Accueil • L’oulipien de l’année • L’Invention de Nithard •
Nithard contaminé
Nithard contaminé —
En ce temps-là, au matin, les deux femmes arrivèrent devant la lourde pierre qui servait de porte, saisies par l’odeur des aromates qu’elles avaient apportés afin d’embaumer ce lieu qui sentait le renfermé. Personne n’était venu depuis trois jours, l’abandon était total. Elles écartèrent les broussailles, prononcèrent la formule magique, « Sésame, ouvre-toi ! ». Instantanément, la porte s’ouvrit. Elles marchèrent au milieu des fientes et des rebuts : à l’évidence, tout était à jeter ; et le soldat d’Éphèse en charge des voleurs éventrés aperçut la lumière d’une torche qui brillait au milieu des cartons poussiéreux et des toiles d’araignées, et il entendit des gémissements, des soupirs semblables au chant des rossignols, et il vit une immense grotte où se tenaient les deux femmes, emplie de marchandises et de pièces d’or et d’argent empilées sur les meubles et dans de grands sacs de plastique.

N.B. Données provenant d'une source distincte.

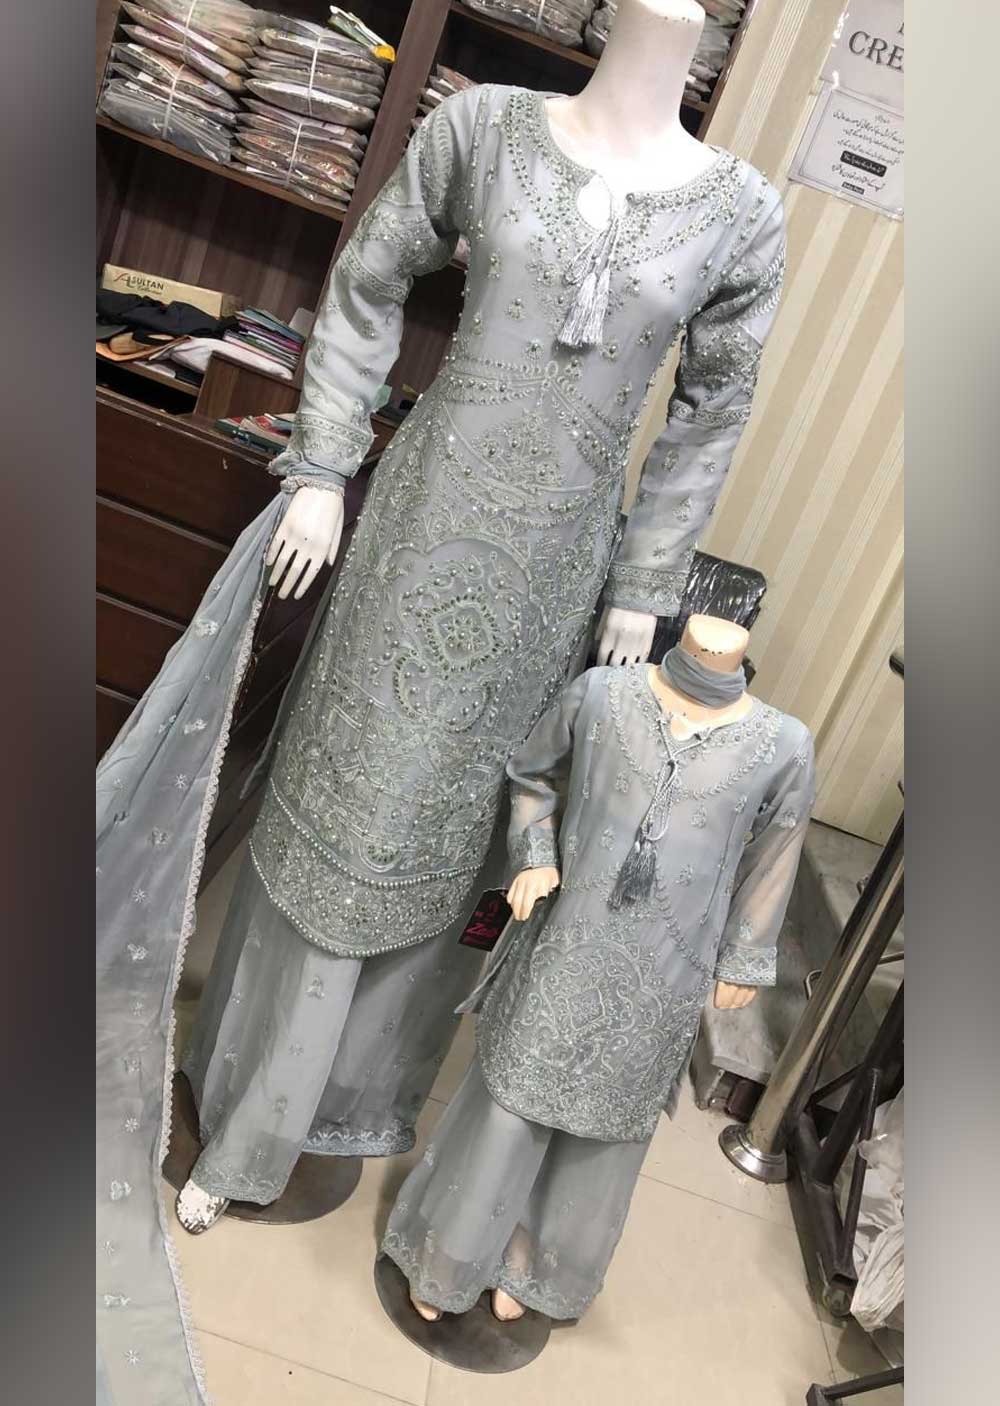 SHAZ6571 Grey Readymade Mother & Daughter Dress - Memsaab Online

Les deux femmes virent ce jeune homme assis à droite, vêtu d’une tunique blanche, et elles furent saisies de frayeur, mais ce n’était qu’un soldat d’un autre temps. Le soldat prit la parole et dit aux femmes : « Soyez sans crainte ! Je sais que vous cherchez Nithard. Repartez, et butez contre ce carton qui bâille, ouvert par l’humidité : vous constaterez qu’il n’est pas ici. Ensuite, allez le dire à Cerquiglini. Voici la place où on l’avait déposé par erreur : le gouverneur d’Éphèse a fait replacer dans sa vraie tombe le corps du défunt. » Elles repartirent porter la nouvelle et le soldat disparut aussitôt avec un son étrange, pour partager son souper avec une suivante. L’illusion dissipée, Ali-Baba ouvrit les sacs de plastique, y trouva des tibias et deux fémurs en or, un crâne en or, une clavicule en argent, et les chargea sur ses trois ânes. Quand ils furent chargés, il prononça la formule administrative : « Sésame, referme-toi ! » Et la porte obéit.
— Enfin, s’écria la matrone d’Éphèse ; je cherchais mon mari depuis vingt ans.
Saint Bé, L’Invention de Nithard, Éditions des Mille Nuits, 1701, p. 14.
pcc. Matthieu, Marc, Luc, Jean, Pétrone et Galland.